Exercise: Starting at the line with "北野武「ソナチネ」っぽいシリアスな曲の再生済みの波形" and ending at the line with "https://thegoddess.com/eyeshadow-tutorials-beginner/", print exactly the lines of the entries below. Pictures do not belong in the copy.

Dataset records:
******

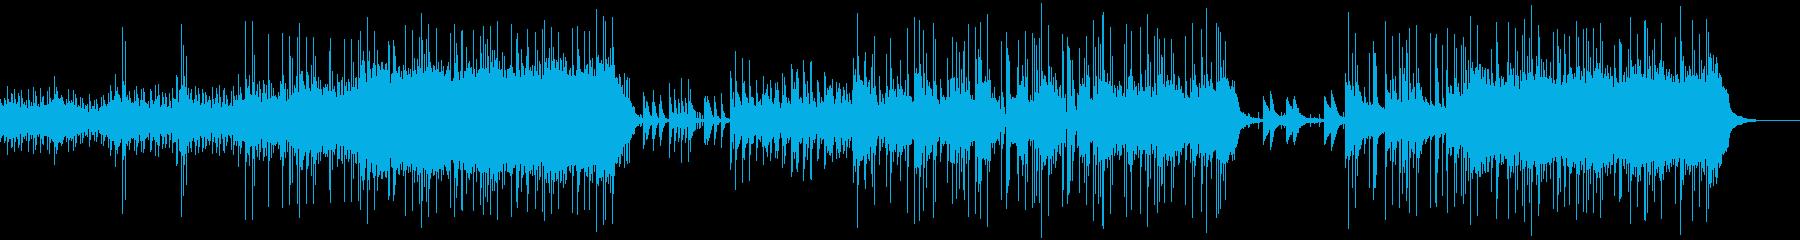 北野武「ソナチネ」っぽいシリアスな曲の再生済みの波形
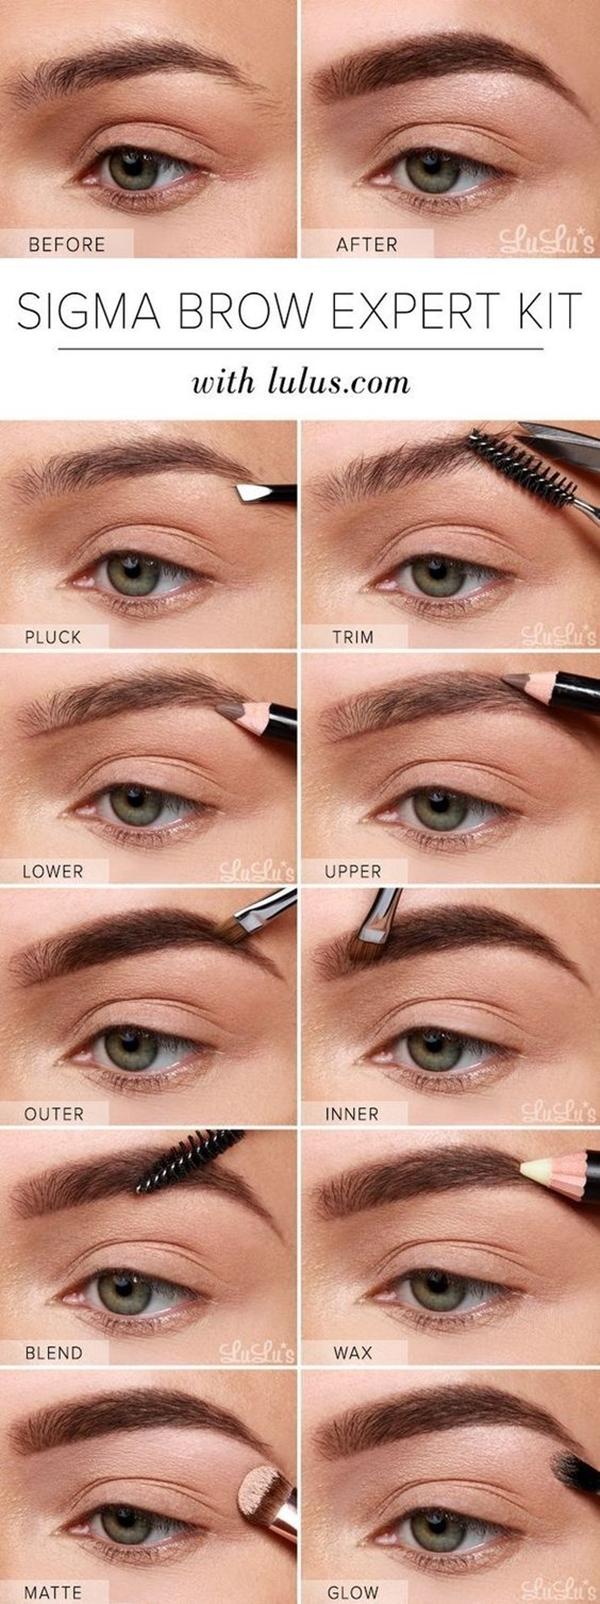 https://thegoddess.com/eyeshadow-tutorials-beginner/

******

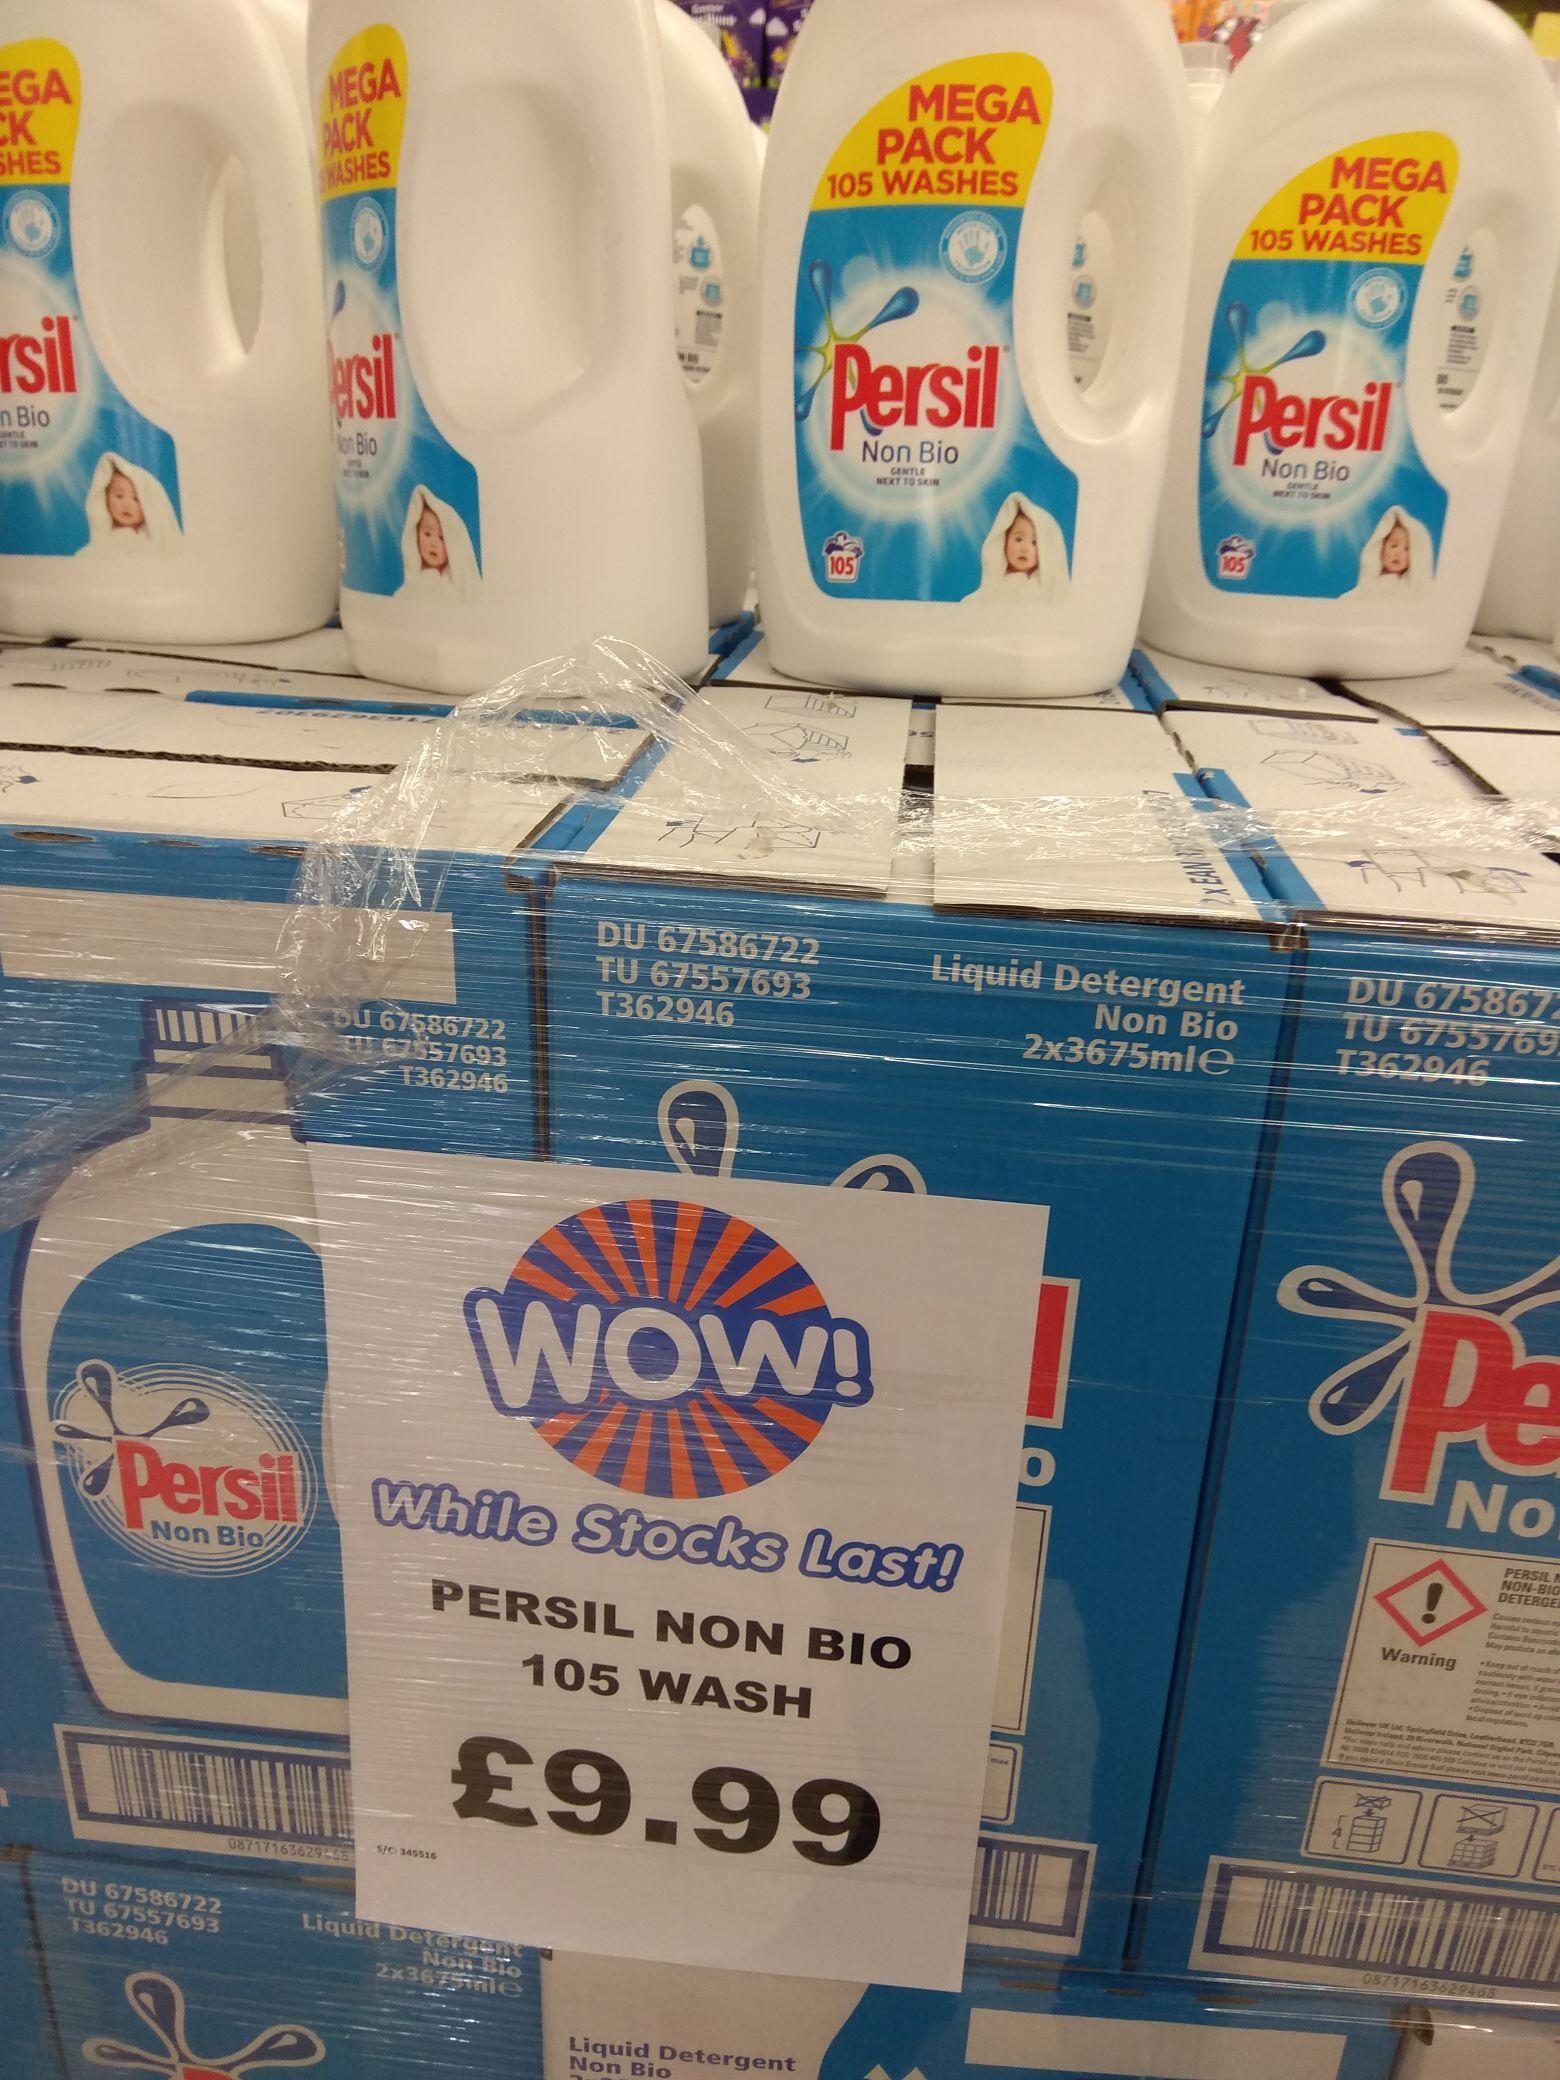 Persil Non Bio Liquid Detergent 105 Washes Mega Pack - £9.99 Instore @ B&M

******

Output of the task:
 北野武「ソナチネ」っぽいシリアスな曲の再生済みの波形
 https://thegoddess.com/eyeshadow-tutorials-beginner/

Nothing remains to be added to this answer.